I did that to Beau. The thought came to him unbidden. I cut him off from his family.

The scalpel clattered to the floor from his hand. His fingers ached as he flexed them, stiff from how tightly he held the blade. Each knuckle popped and, as a shiver walked up his spine, he watched talons elongate from his fingernails as his hand passed through the moonlight. He shuddered, recoiled a bit, and the claws shrank back to normal.

He was so close to changing. Two weeks until the full moon.

Oryen could picture Beau's contemptuous glare. His judgment. The threat of execution and discovery looming over him, and Oryen still couldn't do what needed to be done. Just a few cuts. It should have been simple.

But it wasn't simple. Not to Oryen.

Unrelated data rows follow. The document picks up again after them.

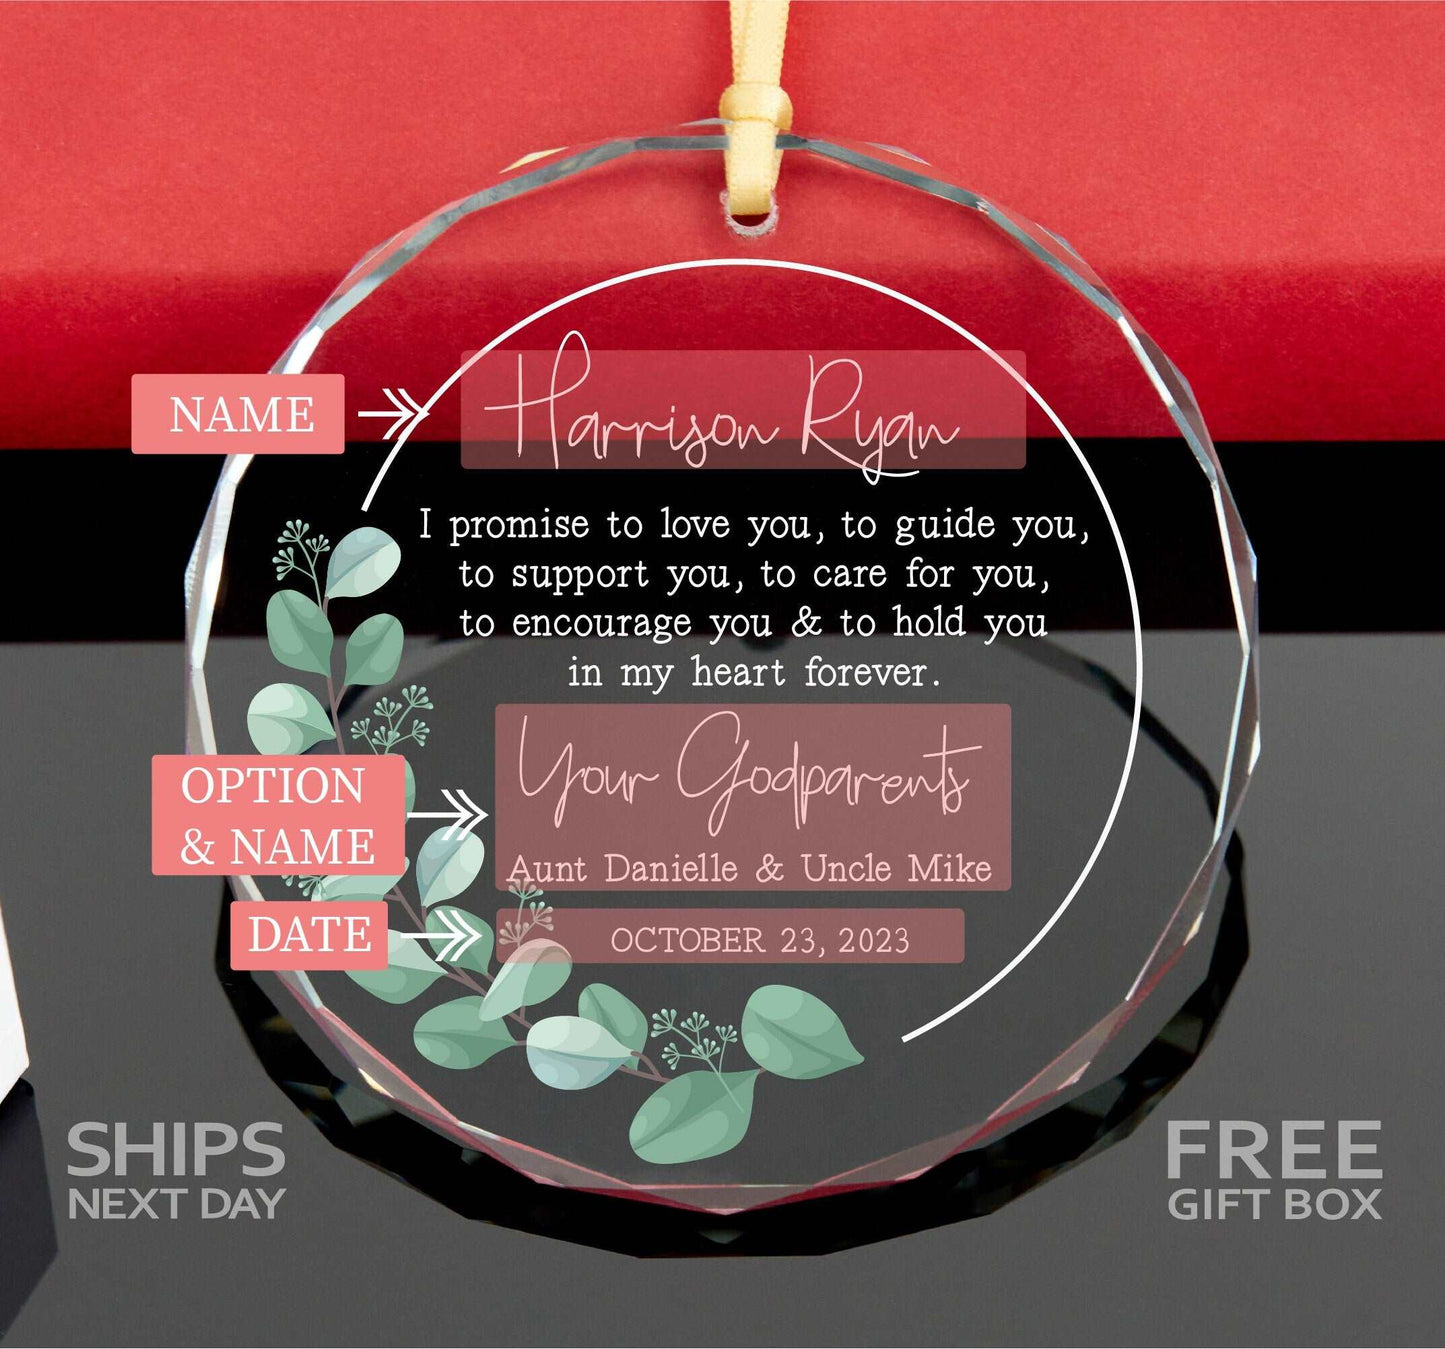 a personalized glass ornament with a message on it
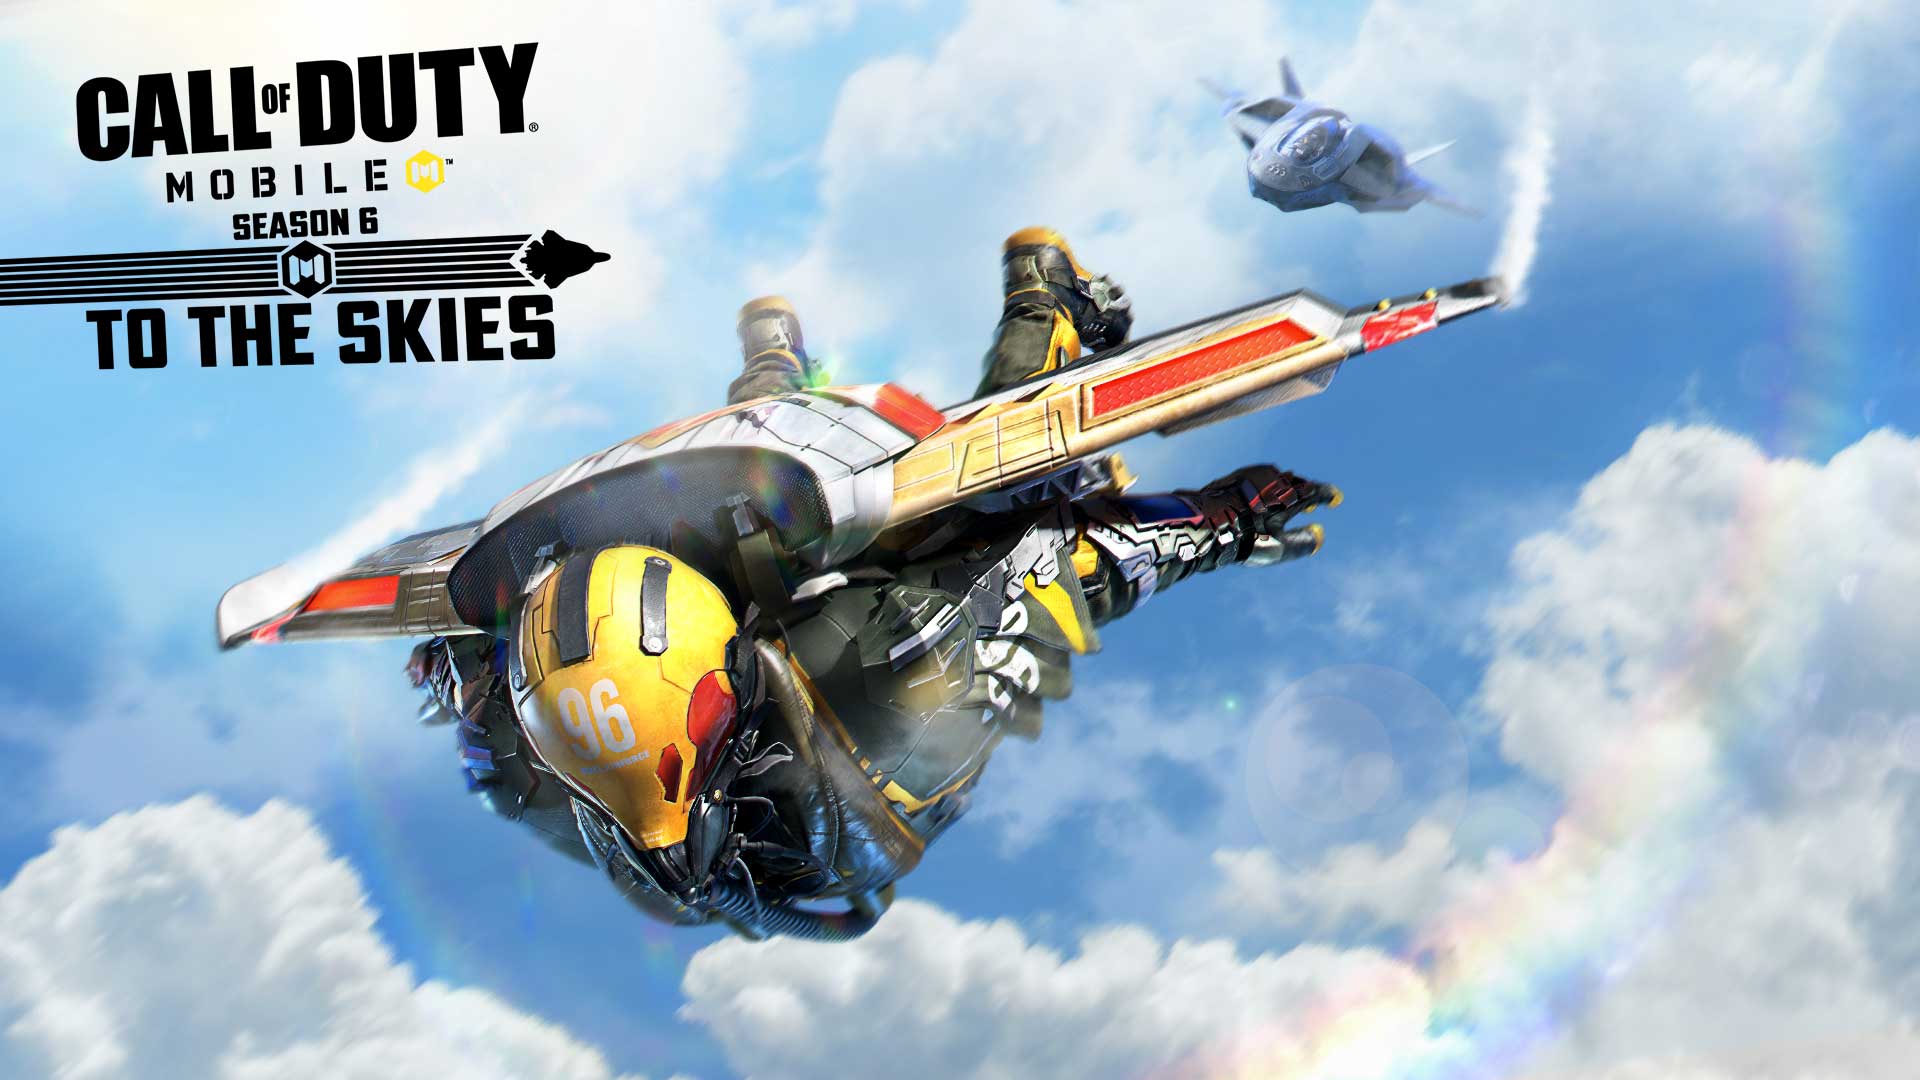 Activision releases Call of Duty Mobile Season 6 - “To the Skies”
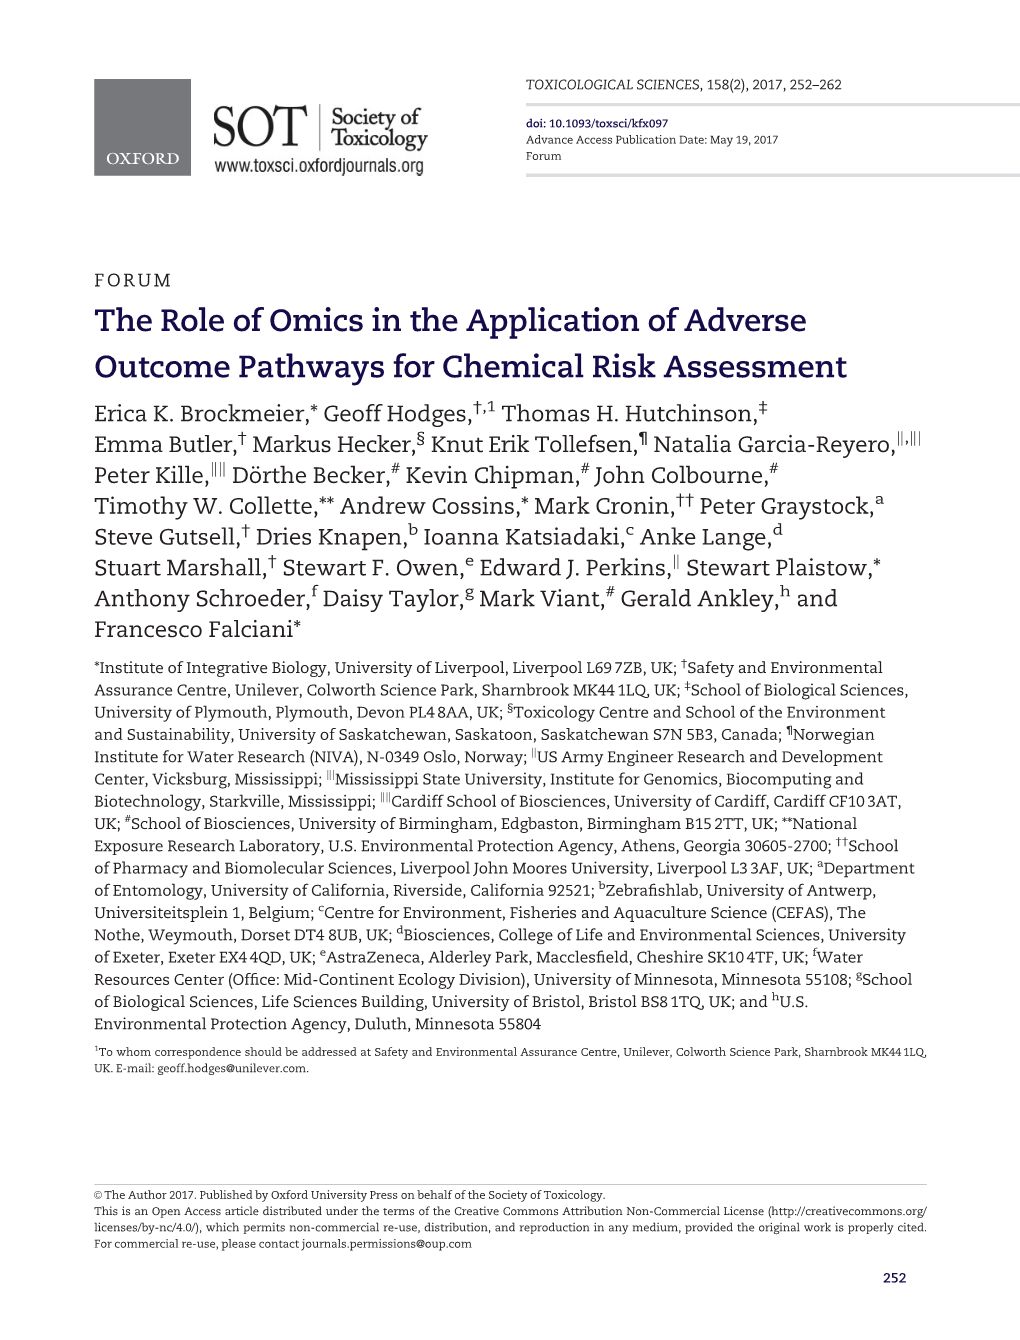 The Role of Omics in the Application of Adverse Outcome Pathways for Chemical Risk Assessment Erica K
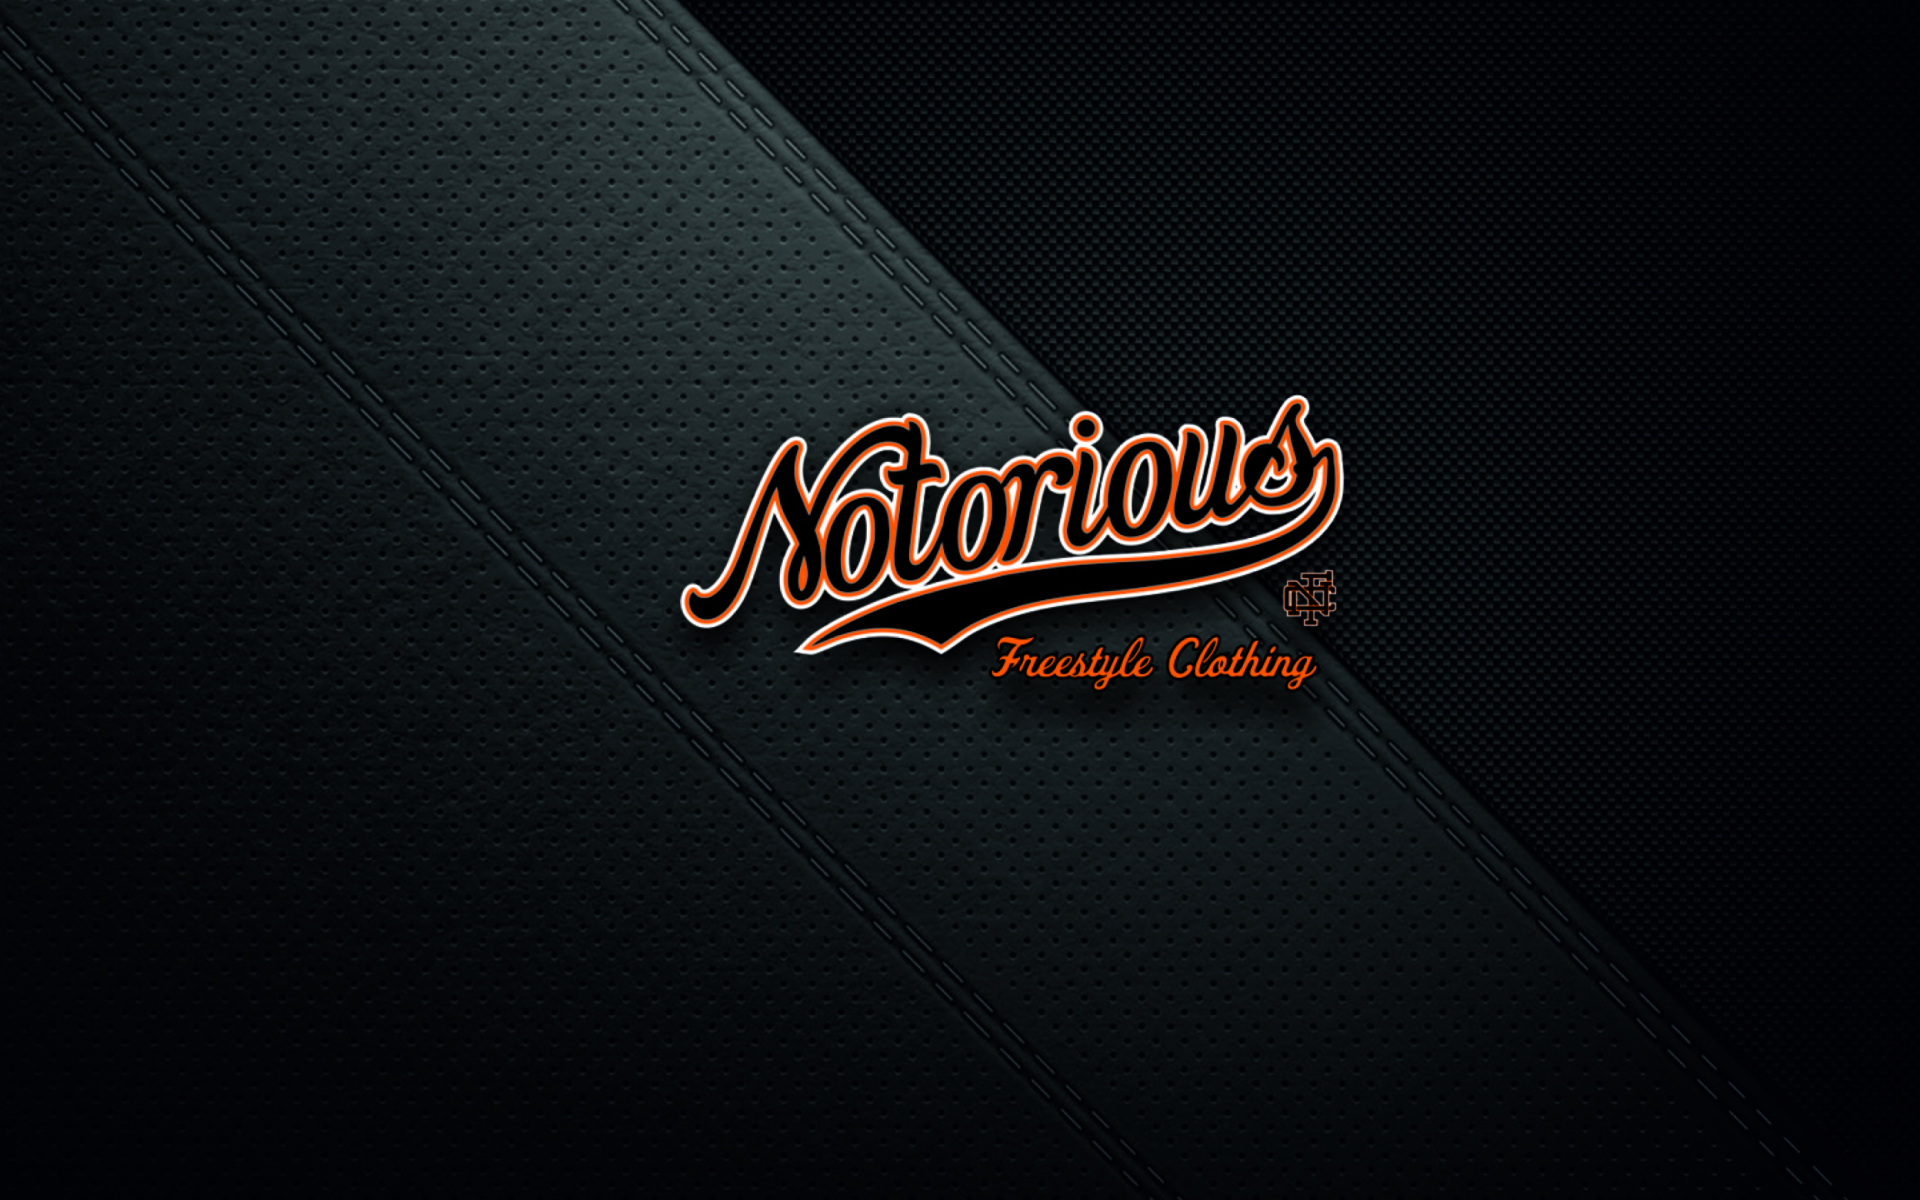 Notorious Freestyle Clothes wallpaper 1920x1200
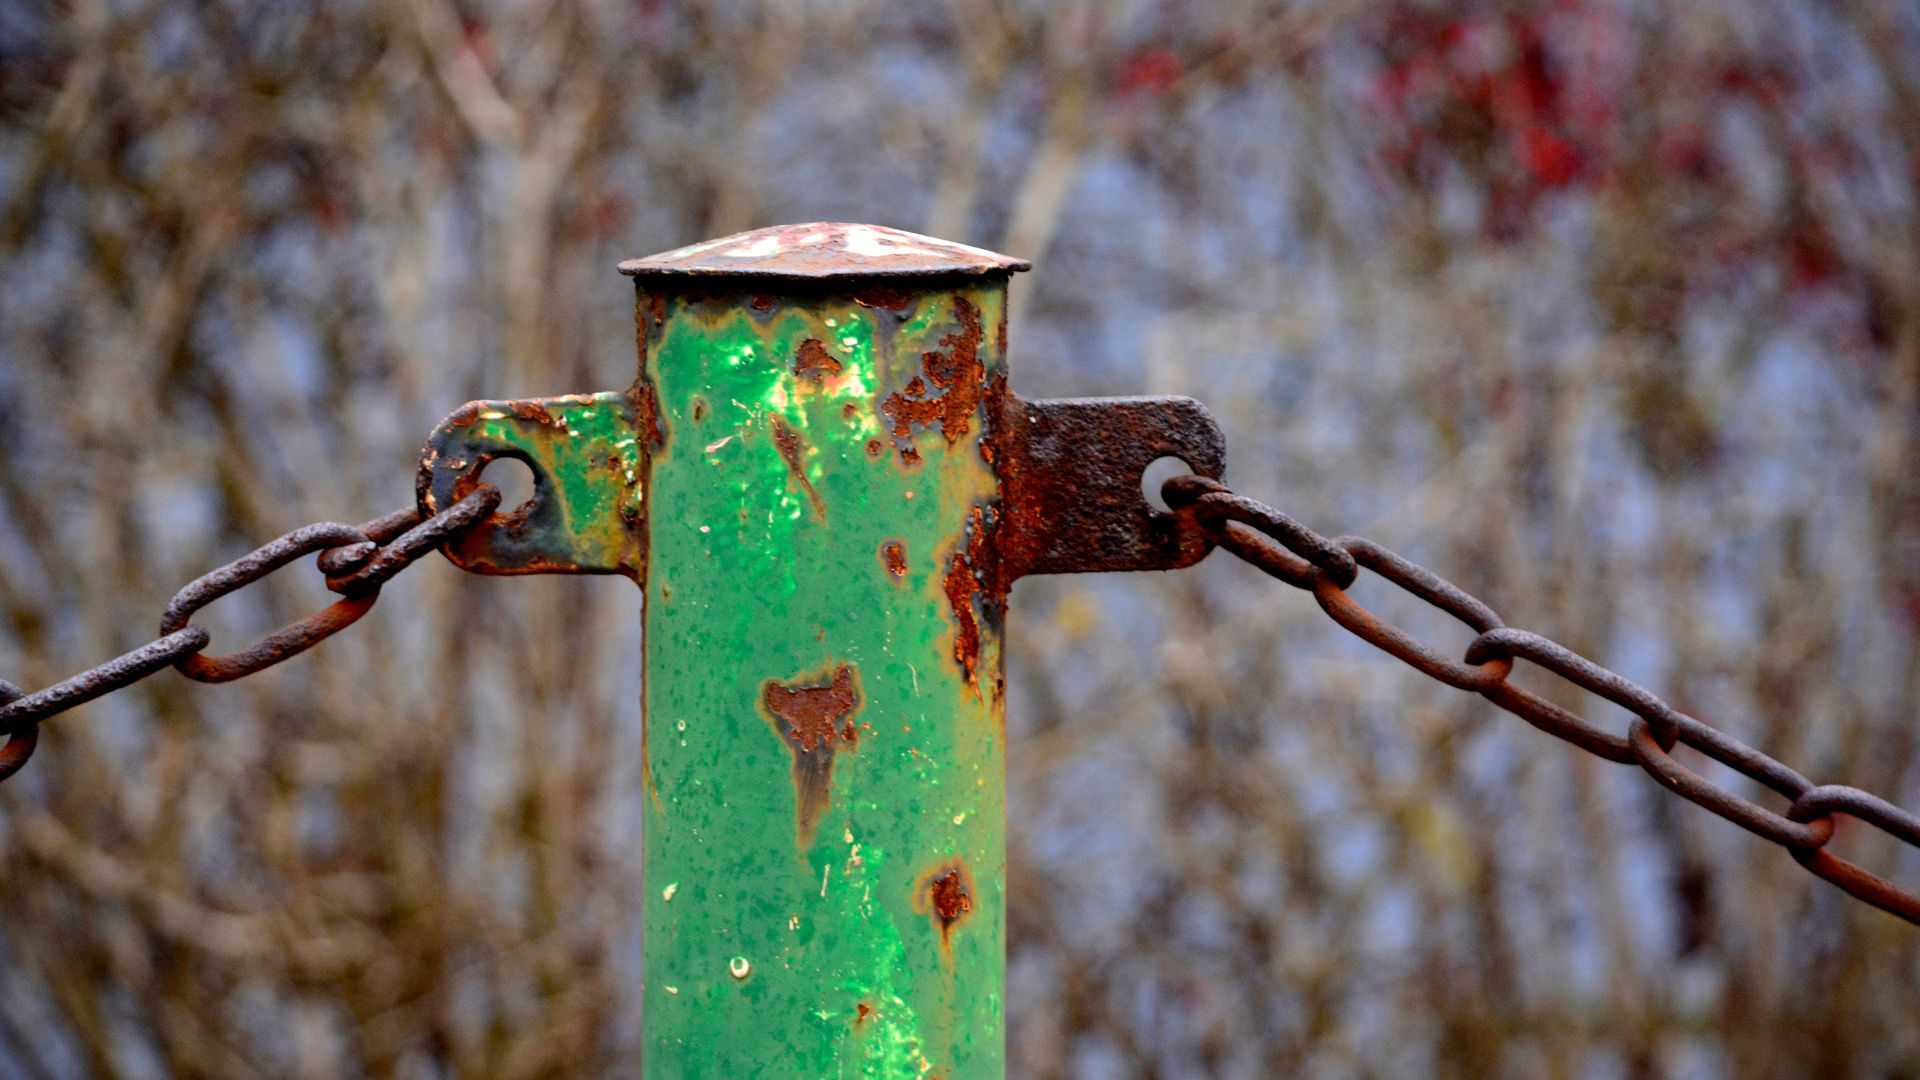 A green pole with an old chain. When the paint has worn away, the metal has turned red.

He could score the ink out of his skin, but it didn't change who he was. Who he'd been. Or who he was becoming. He didn't know which version scared him more.

Getting to his feet, he put his shirt and pants back on. He retrieved the scalpel and washed the tiny smear of blood from its edge. He took it with him all the way back to the arena, which was vacant after all the rain. Puddles reflected the vast archways, rippling with the last spitting raindrops. Oryen traced a finger along the rocks and mortar that formed the arches until he found a wiggly stone. He pried it free, dust sprinkling onto his hands as he tucked the scalpel into the groove behind it. He replaced the stone, giving it a twist to ensure it was secure enough to stay. It was a good spot, and the steel had no detectable scent.

He'd need it again. When he was ready.

He took up one of the faylan sticks, still leaning against the wall from practice earlier, and took aim at the goals.